→ PROVIDED RECORDS
+ + + + +
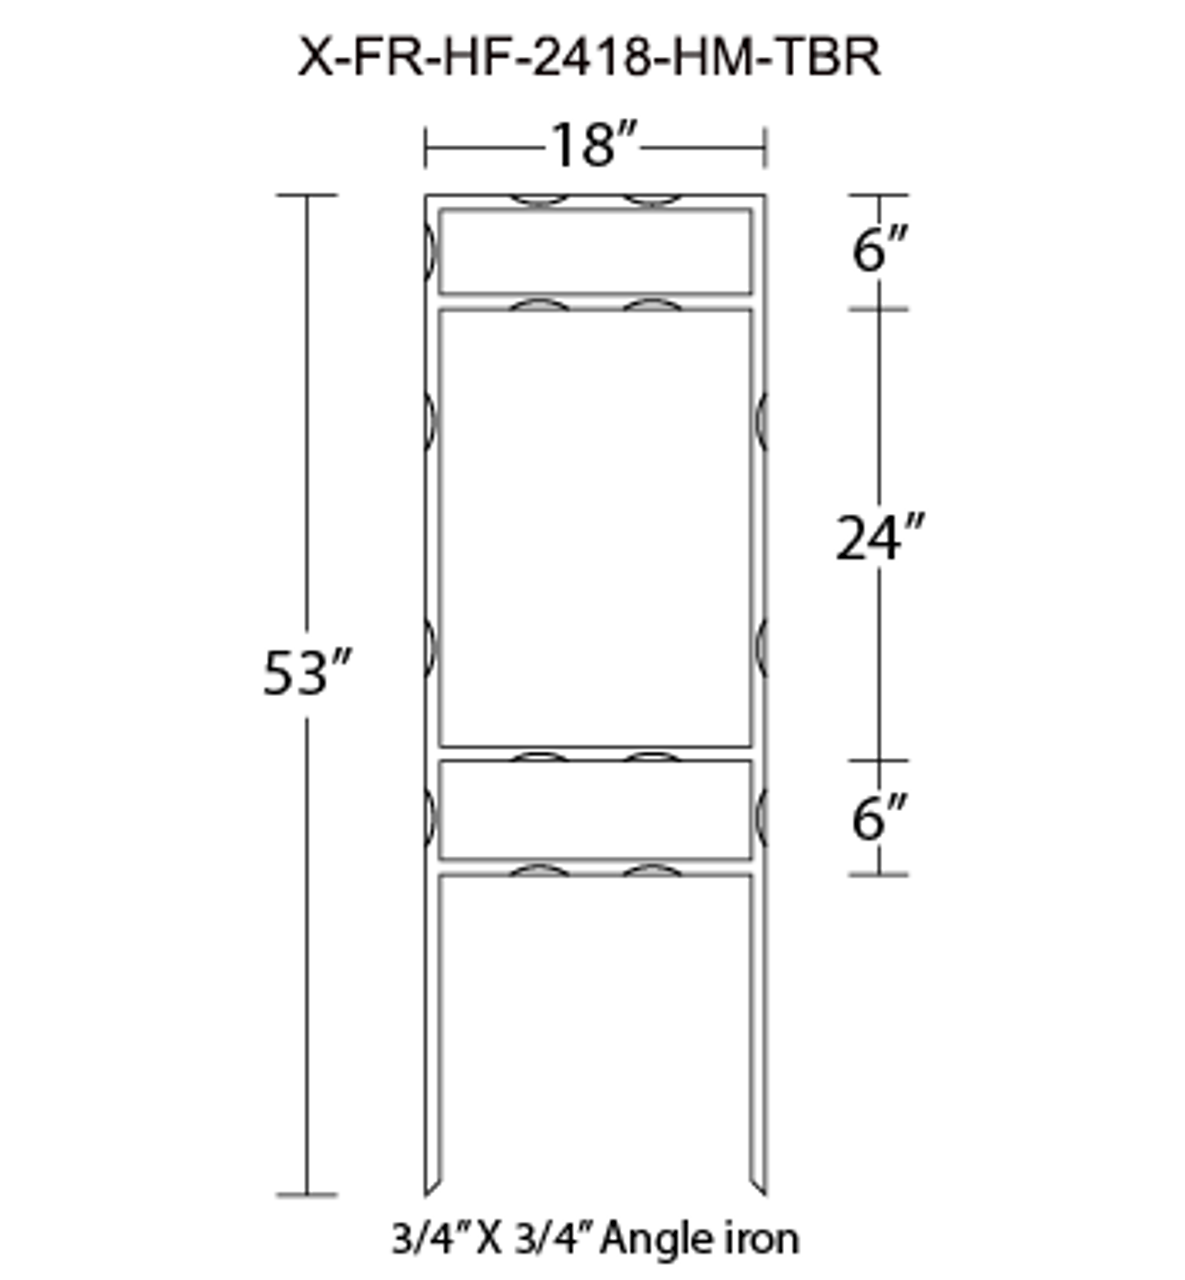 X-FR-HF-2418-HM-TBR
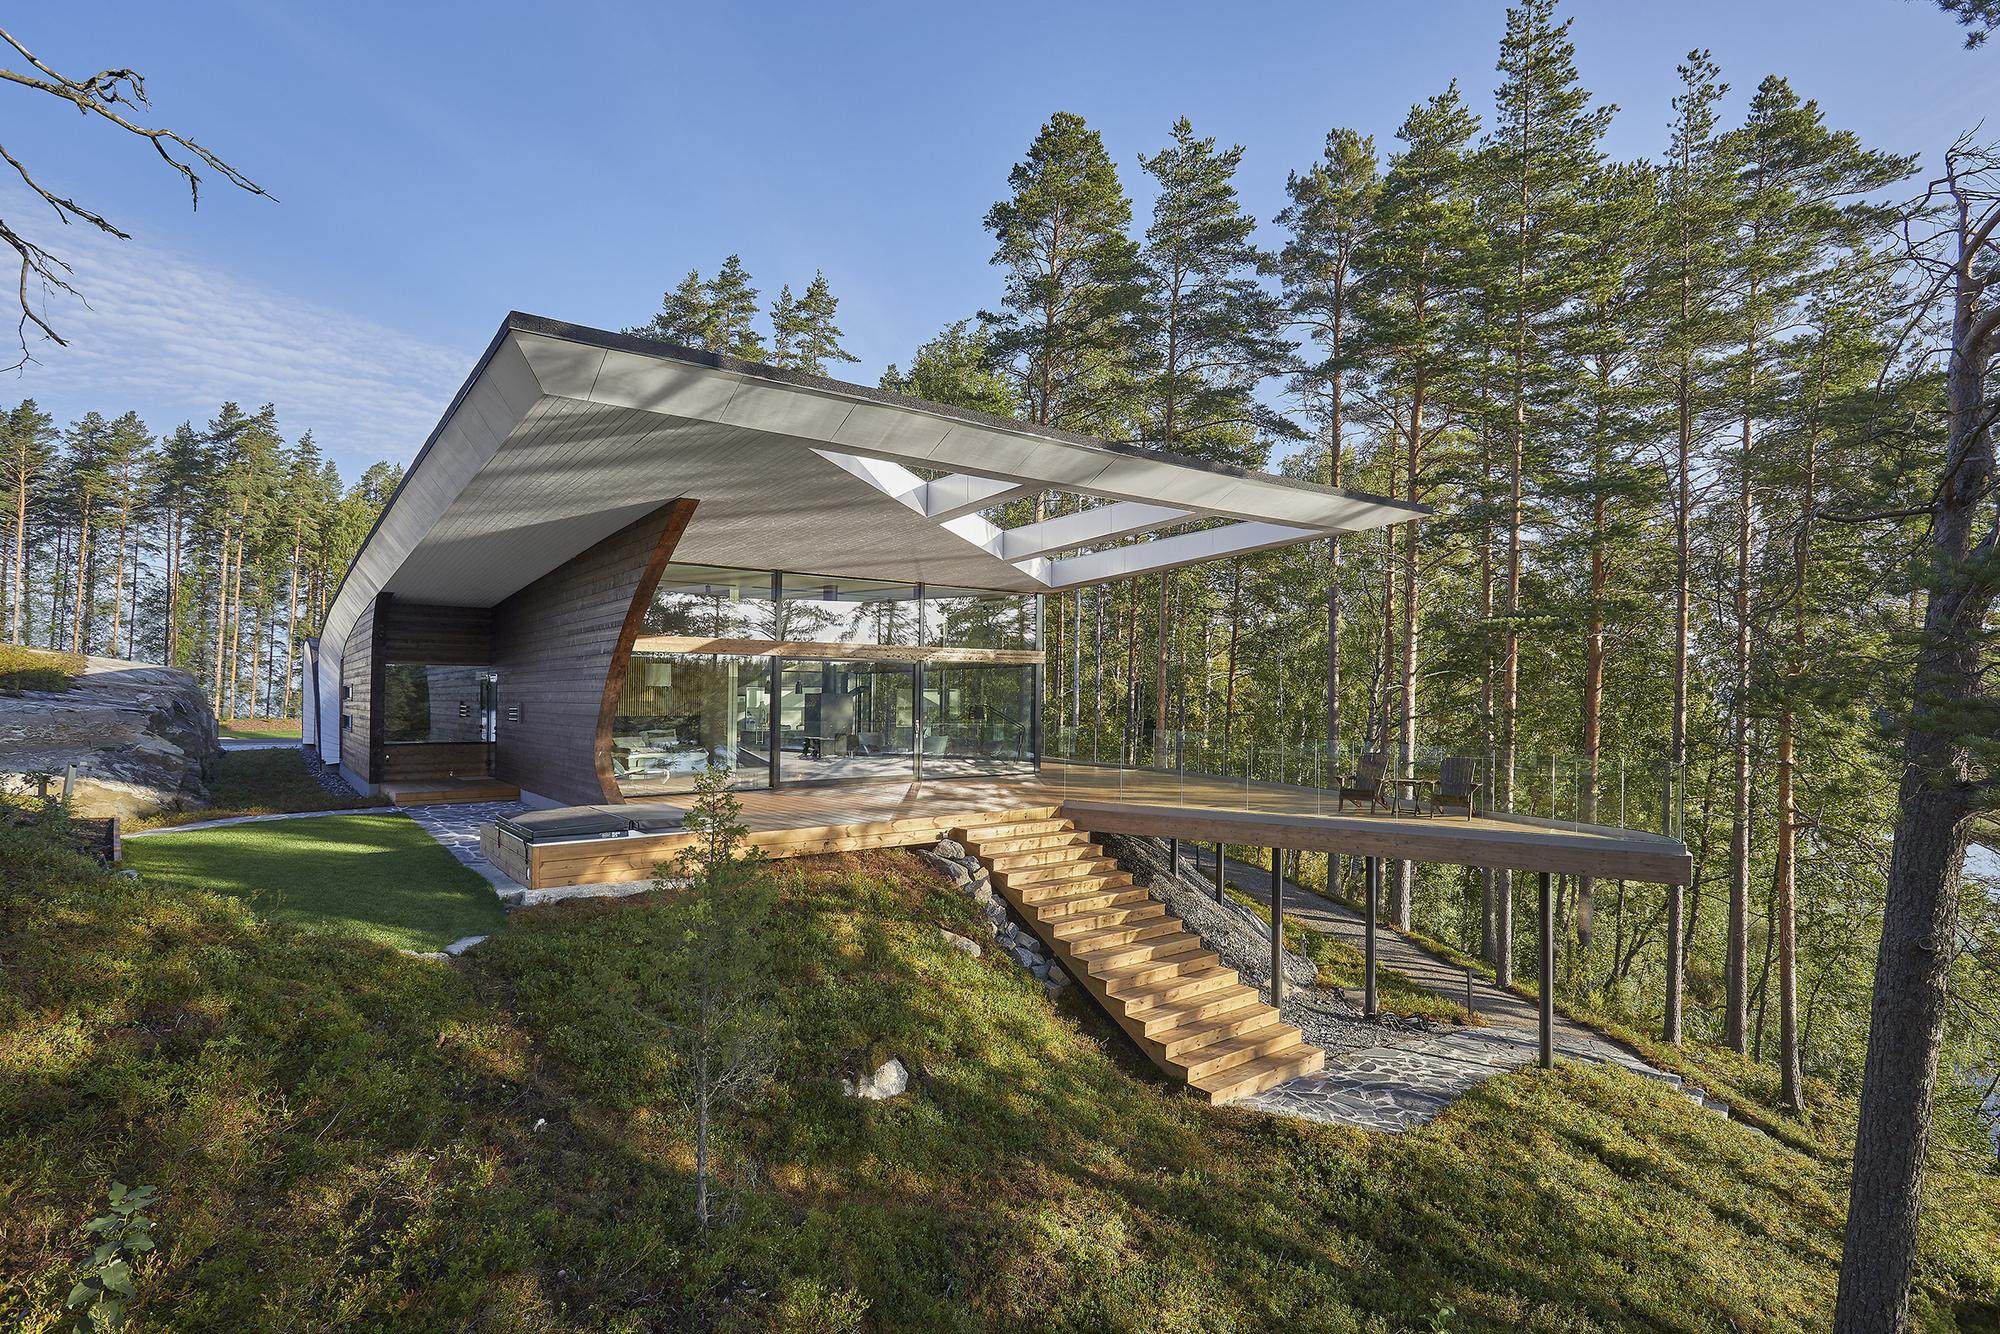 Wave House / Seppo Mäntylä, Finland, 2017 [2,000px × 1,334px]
+ + + + +
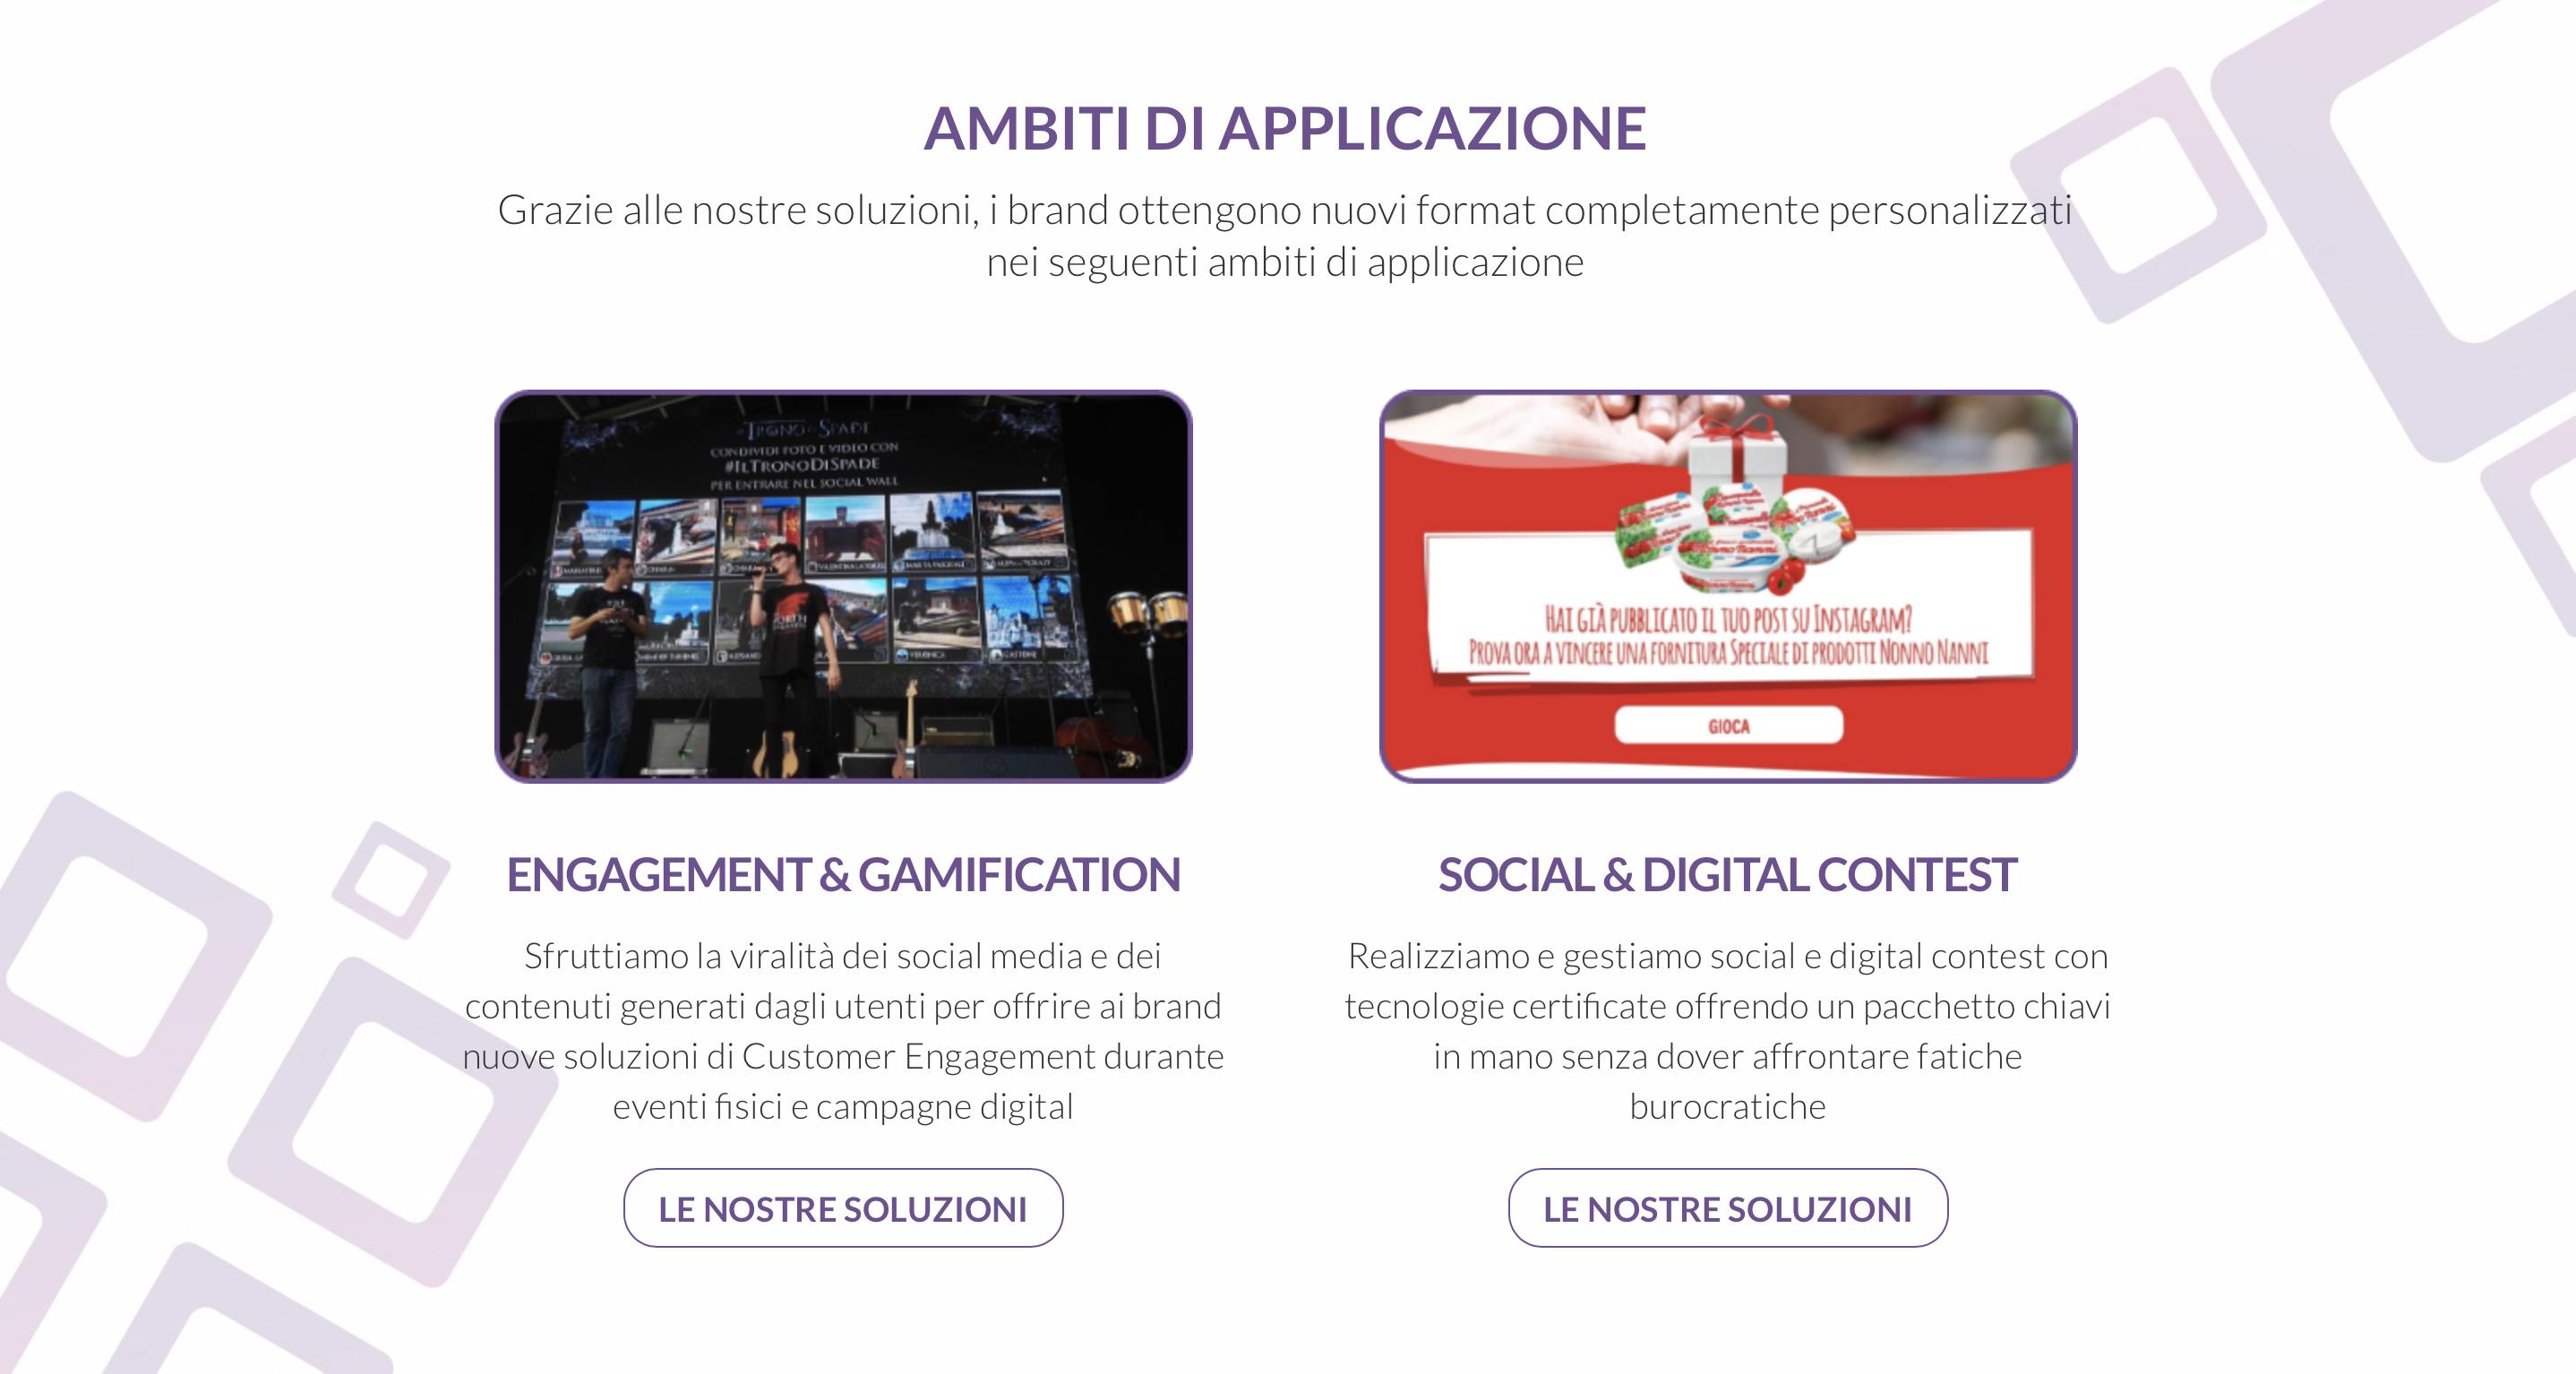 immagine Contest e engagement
+ + + + +
→ WHAT THIS TASK INVOLVES
Copy exactly, without pictures, the lines above from the one with "X-FR-HF-2418-HM-TBR" down to the one with "Wave House /", inclusive.

→ ANSWER SPACE
 X-FR-HF-2418-HM-TBR
 Wave House / Seppo Mäntylä, Finland, 2017 [2,000px × 1,334px]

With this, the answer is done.